EcoService Models Library (ESML)

Compare EMs

EM Variables by Variable Role

One quick way to compare ecological models (EMs) is by comparing their variables. Predictor variables show what kinds of influences a model is able to account for, and what kinds of data it requires. Response variables show what information a model is capable of estimating.
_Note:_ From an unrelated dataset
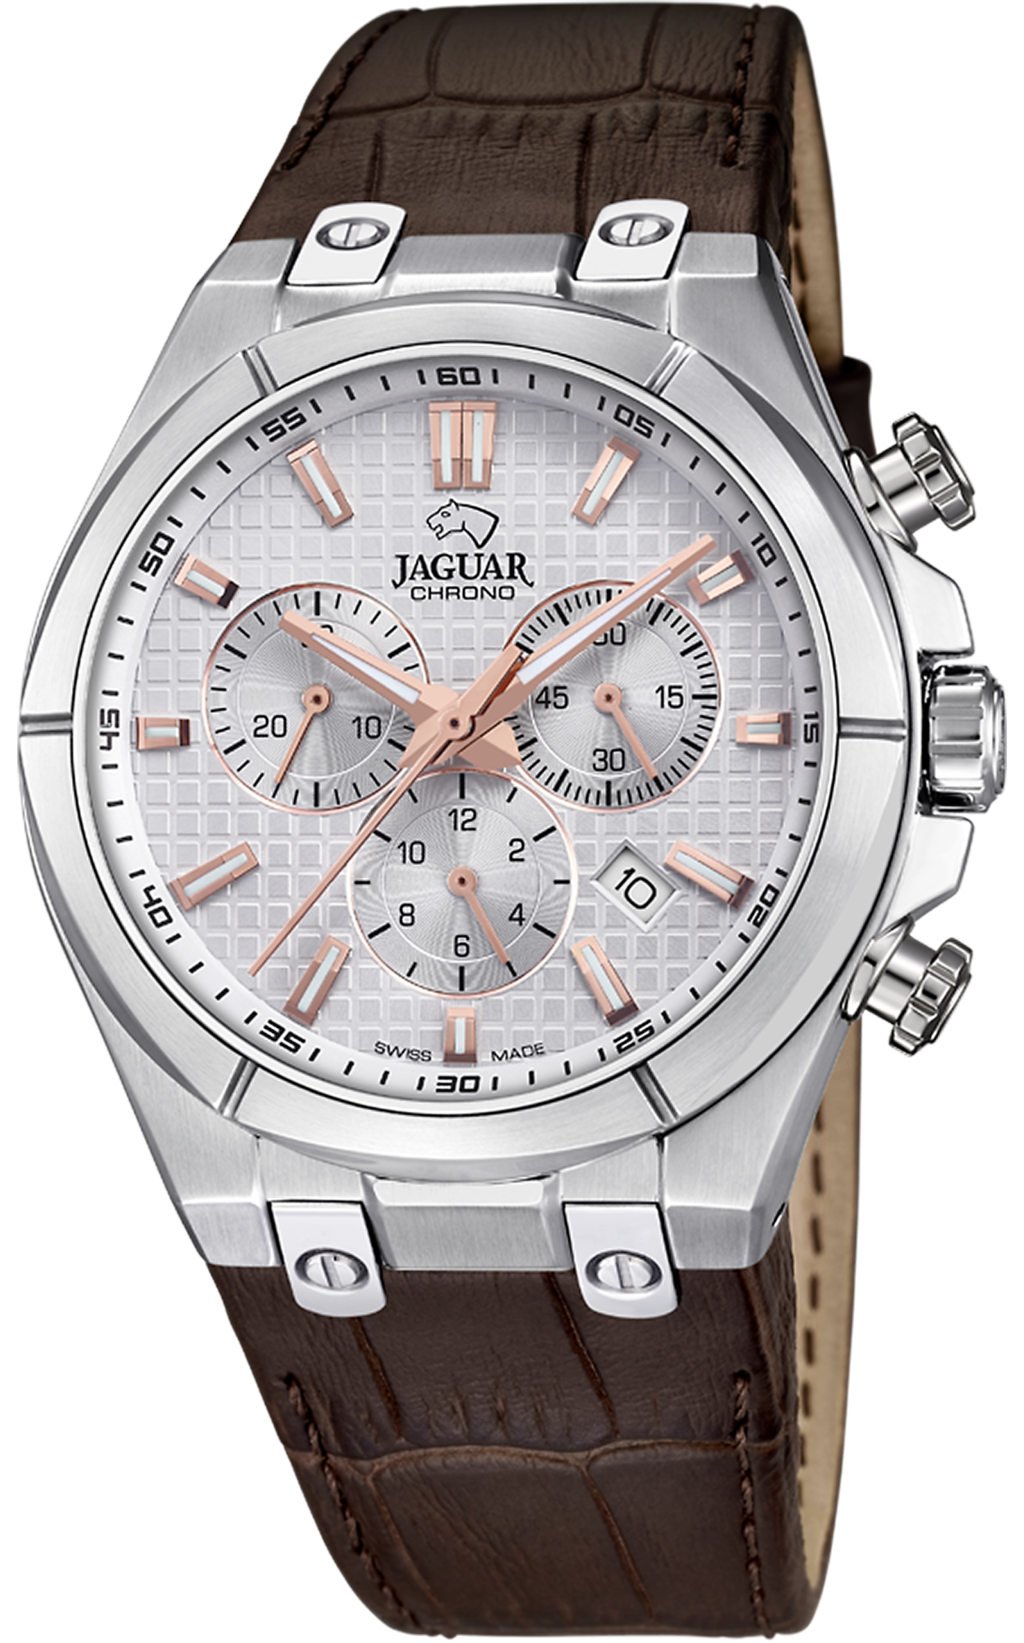 STATUS - Jaguar часов ACAMAR J696/1 швейцарских Магазины

This first comparison shows the names (and units) of each EM’s variables, side-by-side, sorted by variable role. Variable roles in ESML are as follows:

Predictor Variables
- Time- or Space-Varying Variables
- Constants and Parameters
Intermediate (Computed) Variables
Response Variables
- Computed Response Variables
- Measured Response Variables

EM Variables by Category

A second way to use variables to compare EMs is by focusing on the kind of information each variable represents. The top-level categories in the ESML Variable Classification Hierarchy are as follows:

Policy Regarding Use or Management of Ecosystem Resources
Land Surface (or Water Body Bed) Cover, Use or Substrate
Human Demographic Data
Human-Produced Stressor or Enhancer of Ecosystem Goods and Services Production
Ecosystem Attributes and Potential Supply of Ecosystem Goods and Services
Non-monetary Indicators of Human Demand, Use or Benefit of Ecosystem Goods and Services
Monetary Values

Besides understanding model similarities, sorting the variables for each EM by these 7 categories makes it easier to see if the compared models can be linked using similar variables. For example, if one model estimates an ecosystem attribute (in Category 5), such as water clarity, as a response variable, and a second model uses a similar attribute (also in Category 5) as a predictor of recreational use, the two models can potentially be used in tandem. This comparison makes it easier to spot potential model linkages.

All EM Descriptors

This selection allows a more detailed comparison of EMs by model characteristics other than their variables. The 50-or-so EM descriptors for each model are presented, side-by-side, in the following categories:

EM Identity and Description
EM Modeling Approach
EM Locations, Environments, Ecology
EM Ecosystem Goods and Services (EGS) potentially modeled, by classification system

EM Descriptors by Modeling Concepts

This feature guides the user through the use of the following seven concepts for comparing and selecting EMs:

Conceptual Model
Modeling Objective
Modeling Context
Potential for Model Linkage
Feasibility of Model Use
Model Certainty
Model Structural Information

Though presented separately, these concepts are interdependent, and information presented under one concept may have relevance to other concepts as well.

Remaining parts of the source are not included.